MADRID, November 25, 2014 /PRNewswire/ --
In the first nine months of 2014, Grupo Isolux Corsán's EBITDA stood at €186M, representing an increase of 6% with respect to the same period last year. The Group consolidated EPC revenues of €1,541 M in the third quarter of 2014, of which 81% came from abroad compared to 73% in 2013.
Since January 2014, as a result of the implementation of the IFRS standard 11, the Group accounts for its concessions business by the equity method, as opposed to proportional. Excluding the application of this rule, revenue would amount to €2,009 M and EBITDA to €452 M, which represents an increase of 16% over the same period last year.
The EPC business portfolio amounts to €6,626 M. New projects during the period exceeded 2,223 million euros. Among the contracts entered into in this period, a hydroelectric plant in Bolivia (€315 M), a combined cycle plant of 400 MW in Bangladesh (€213 M), a highway in Slovakia (€98 M) and 212 km of lines transmission in Chile (€39 M) stand out.
The increase in revenues and EBITDA of this business is mainly determined by the startup of new assets as a transmission line in the US and two transmission lines in Brazil
About Isolux Corsan
Isolux Corsán Group is a global benchmark in energy, concessions, construction and maintenance of major infrastructure and operates in 40 countries on four continents. In the energy sector, Isolux Corsán is one of the leading operators in the world in energy T&D installation and maintenance, one of the largest builders of EPC projects in the solar photovoltaic industry, and occupies an important position among large builders of power plants under EPC contracts.

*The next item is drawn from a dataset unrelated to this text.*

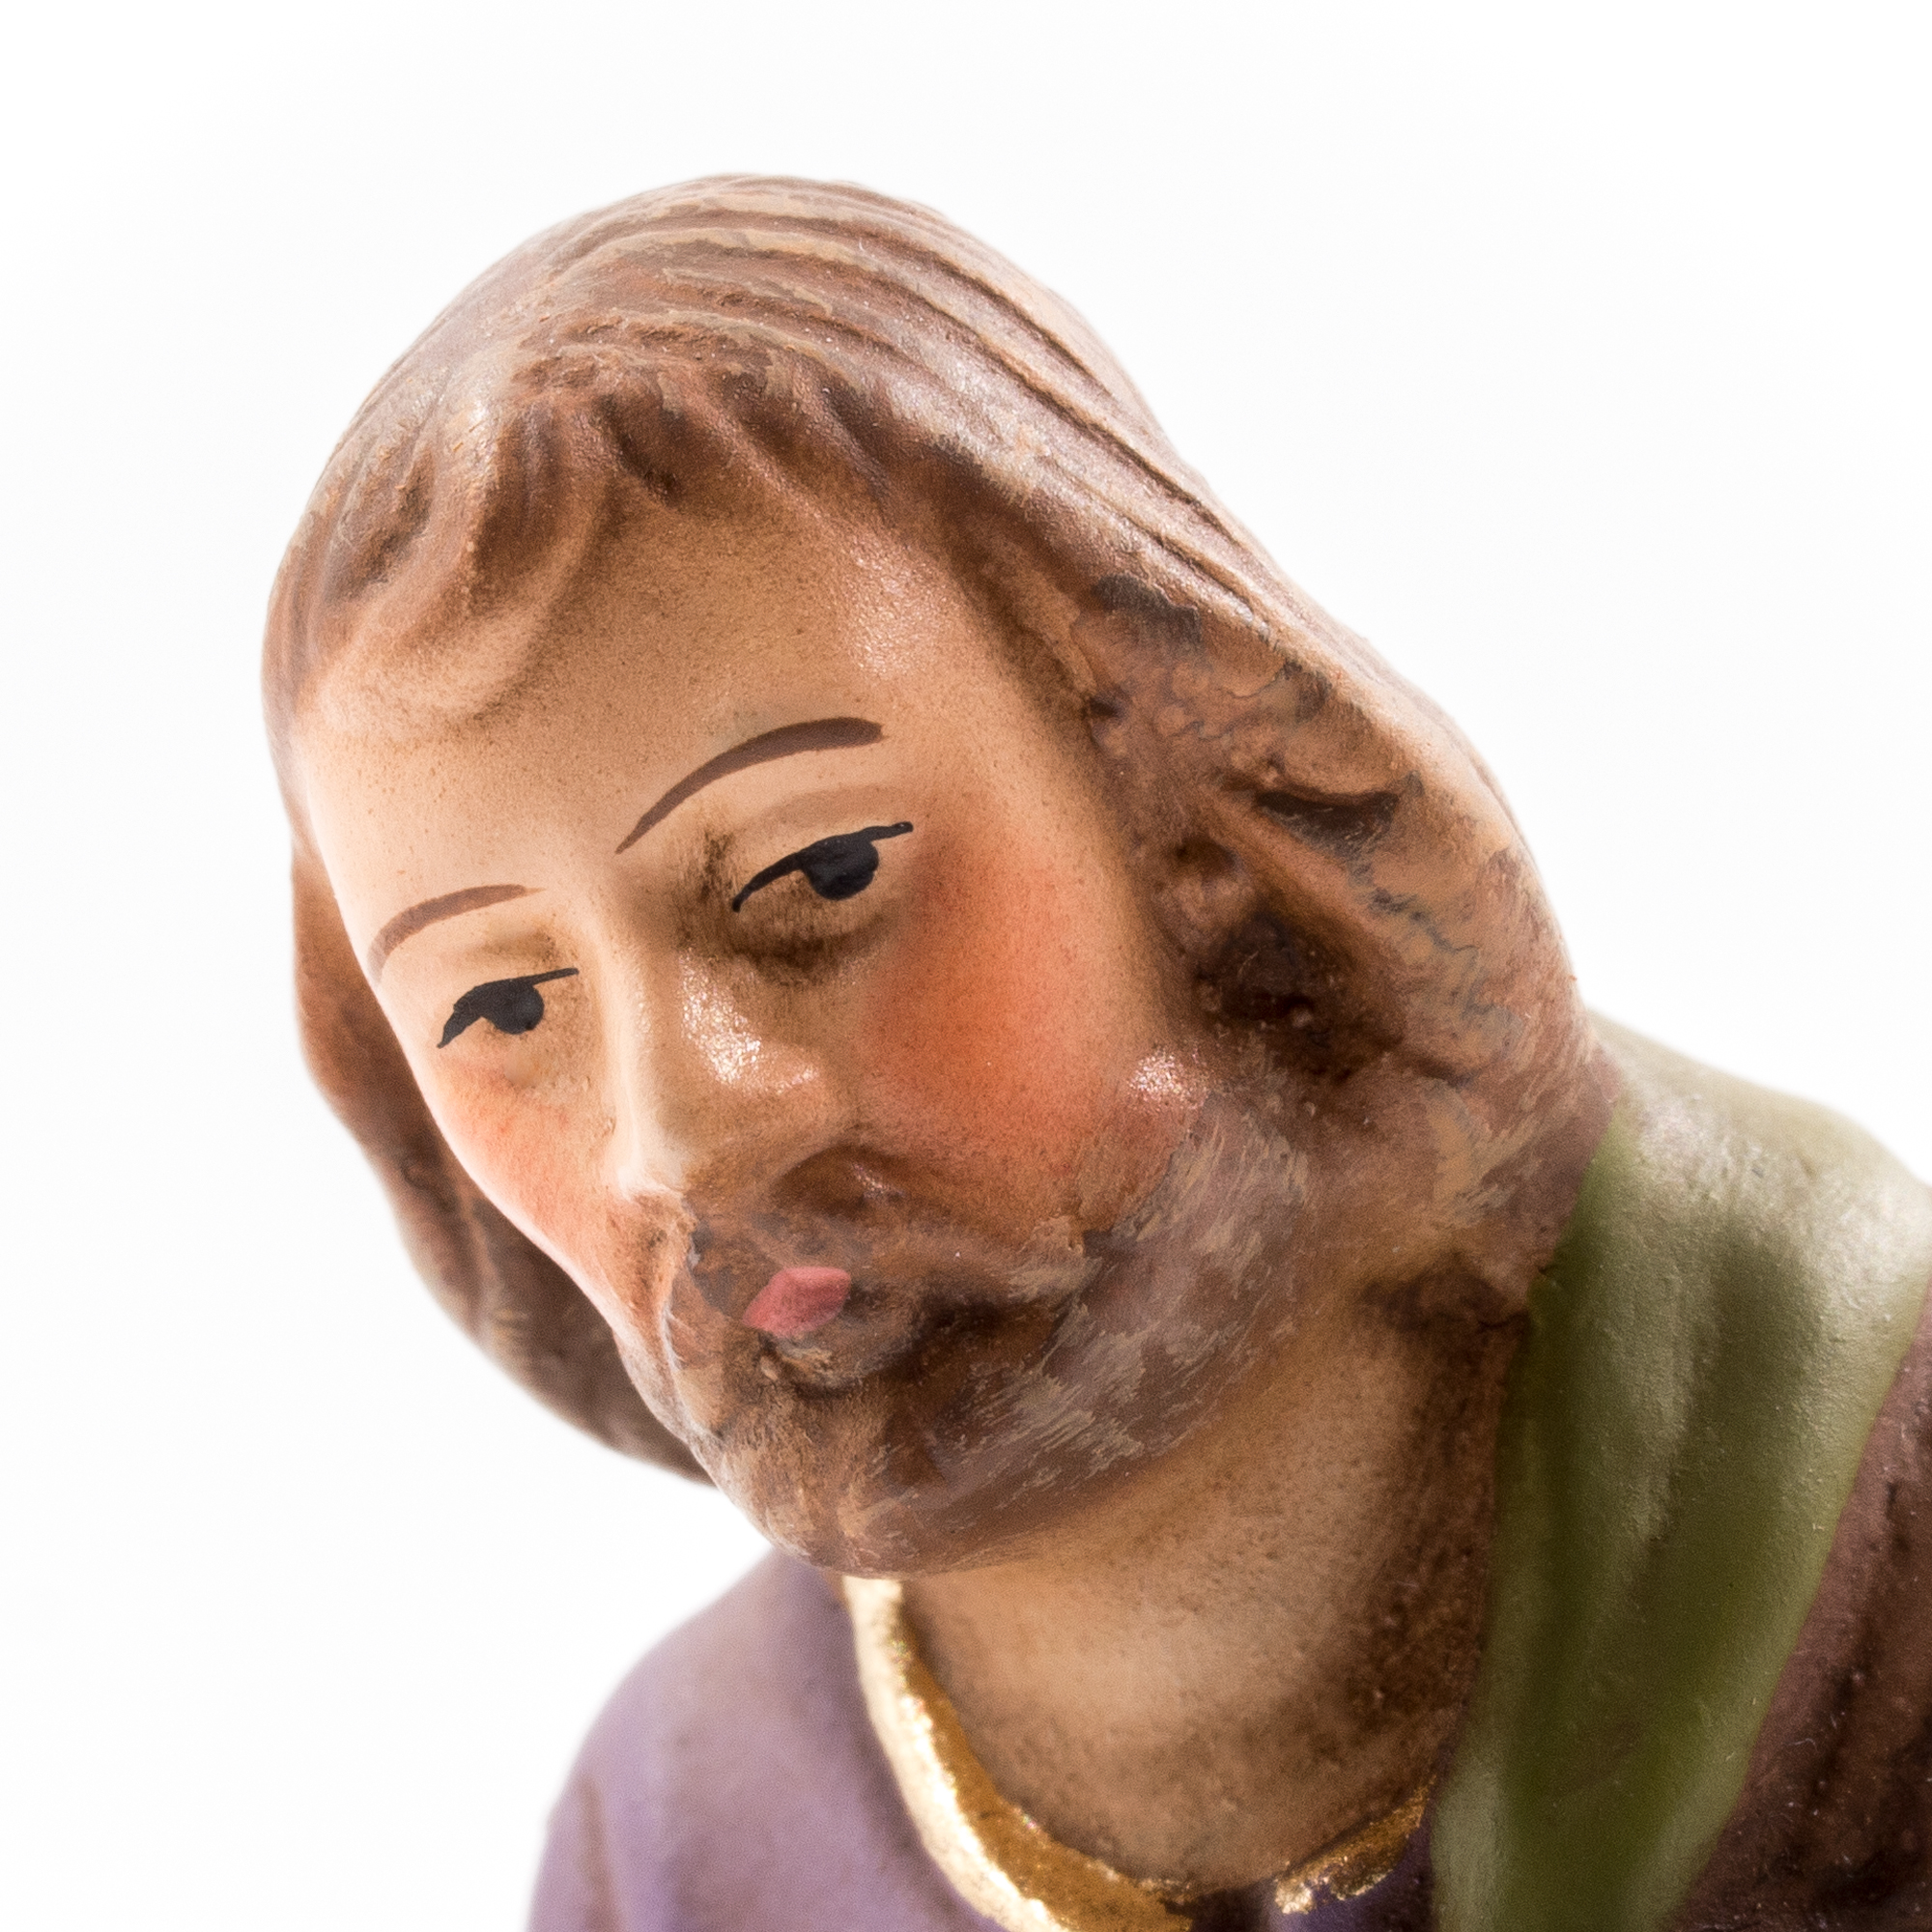 Josef stehend mit Laterne, zu 10cm Krippenfiguren - Original MAROLIN® - Krippenfigur für Ihre Weihnachtskrippe - Made in Germany

In addition, the Group holds concessions for 23,500 parking spaces in Spain and manages, through its subsidiary Isolux Infrastructure, concessions for 5,959 km of transmission lines in Brazil, India and the U.S; 1,643 km of highways in India, Brazil, USA, Mexico and Spain and promotes and manages 326 MW of solar PV power plants in Spain, the U.S., India, Italy, Japon, Mexico, Peru and Puerto Rico.